(Source material begins)

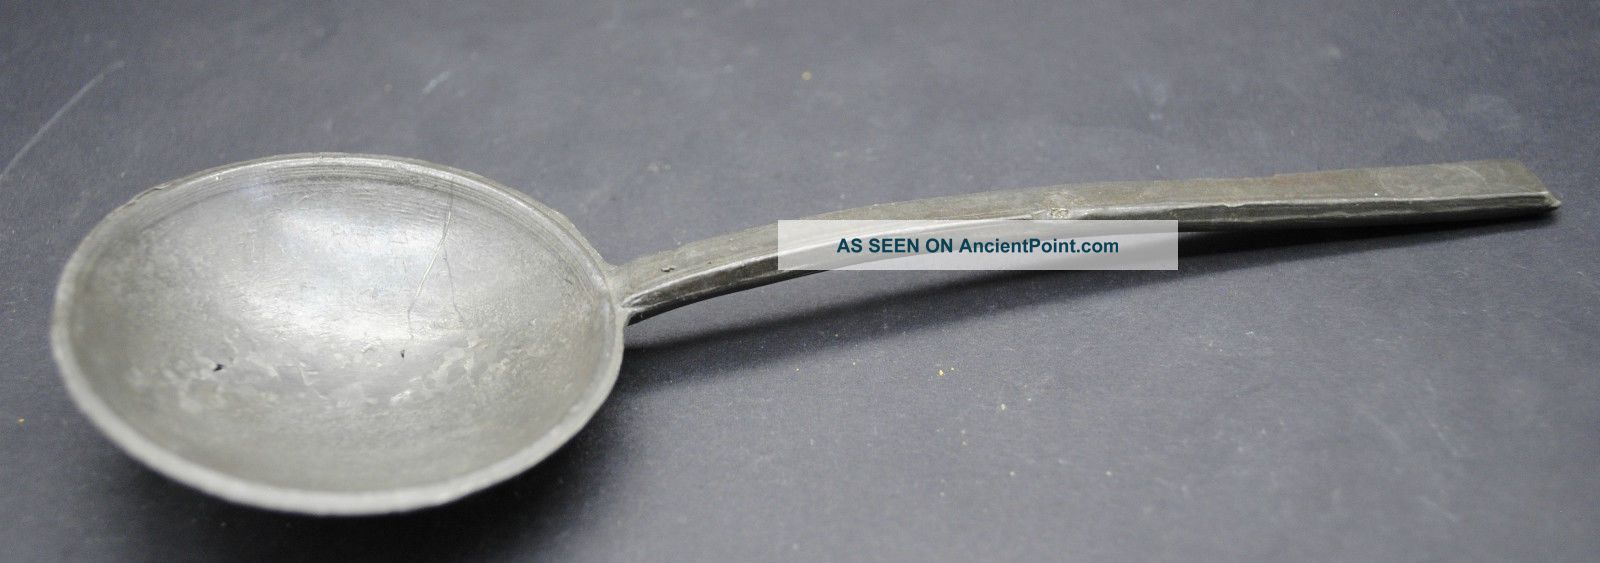 Tudor Pewter Spoon Thames Foreshore Find Angel Makers Mark Other Antiquities photo
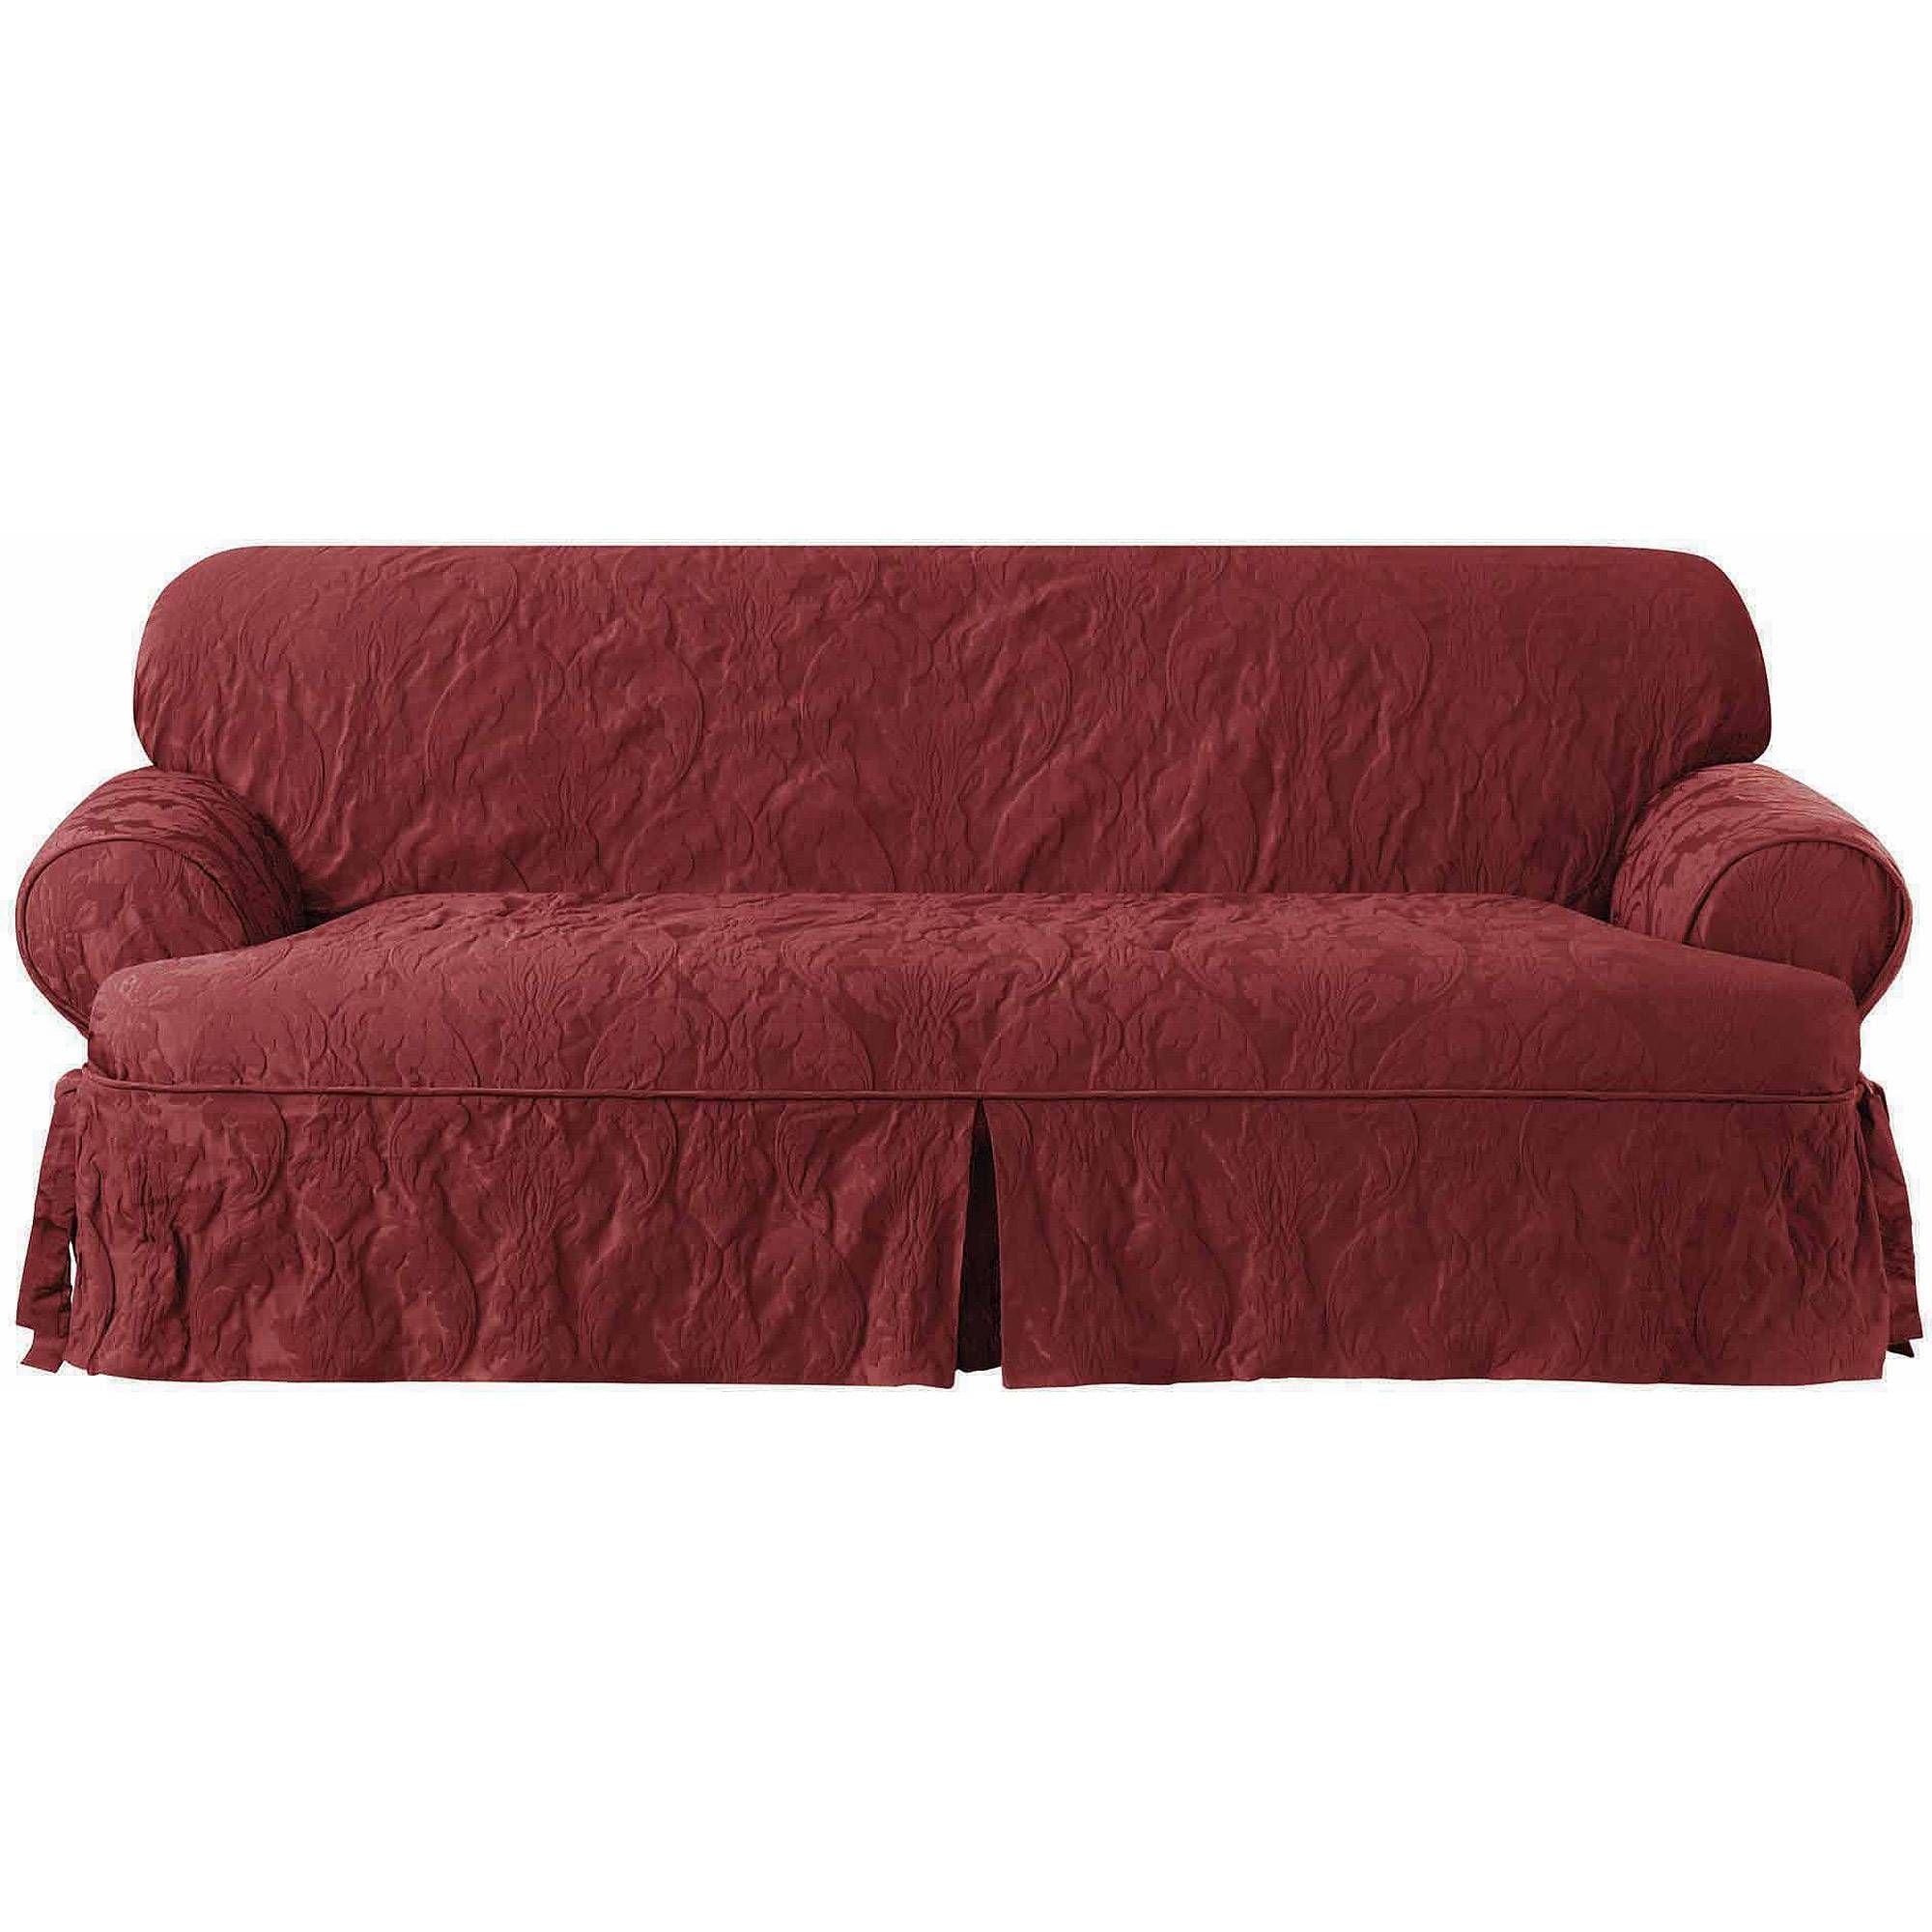 Sure Fit Sofa Slipcovers In 3 Piece Sofa Slipcovers (View 1 of 15)
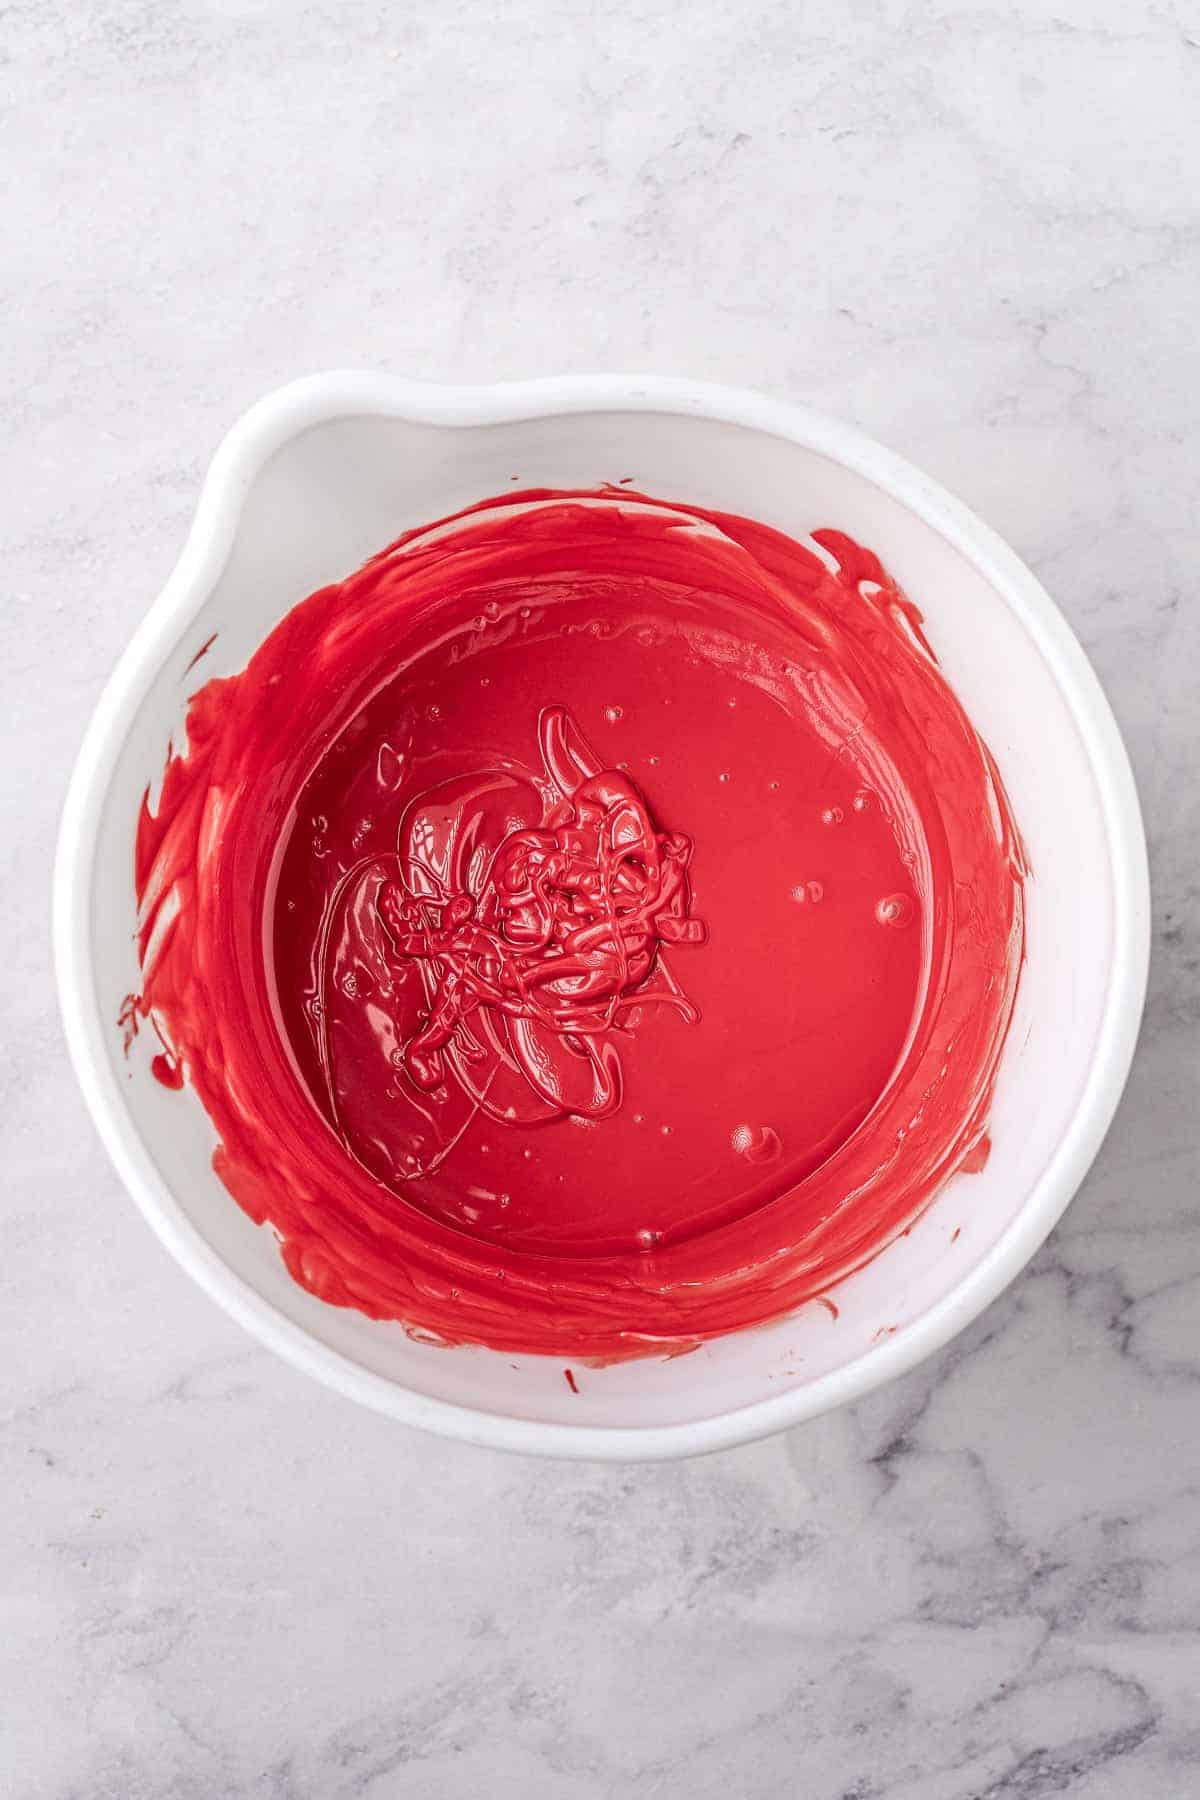 Melted Red Candy Melts in bowl

(Source material ends)

## Your instructions
Give the data again exactly, without pictures.

## Response to this task
 Tudor Pewter Spoon Thames Foreshore Find Angel Makers Mark Other Antiquities photo
 Sure Fit Sofa Slipcovers In 3 Piece Sofa Slipcovers (View 1 of 15)
 Melted Red Candy Melts in bowl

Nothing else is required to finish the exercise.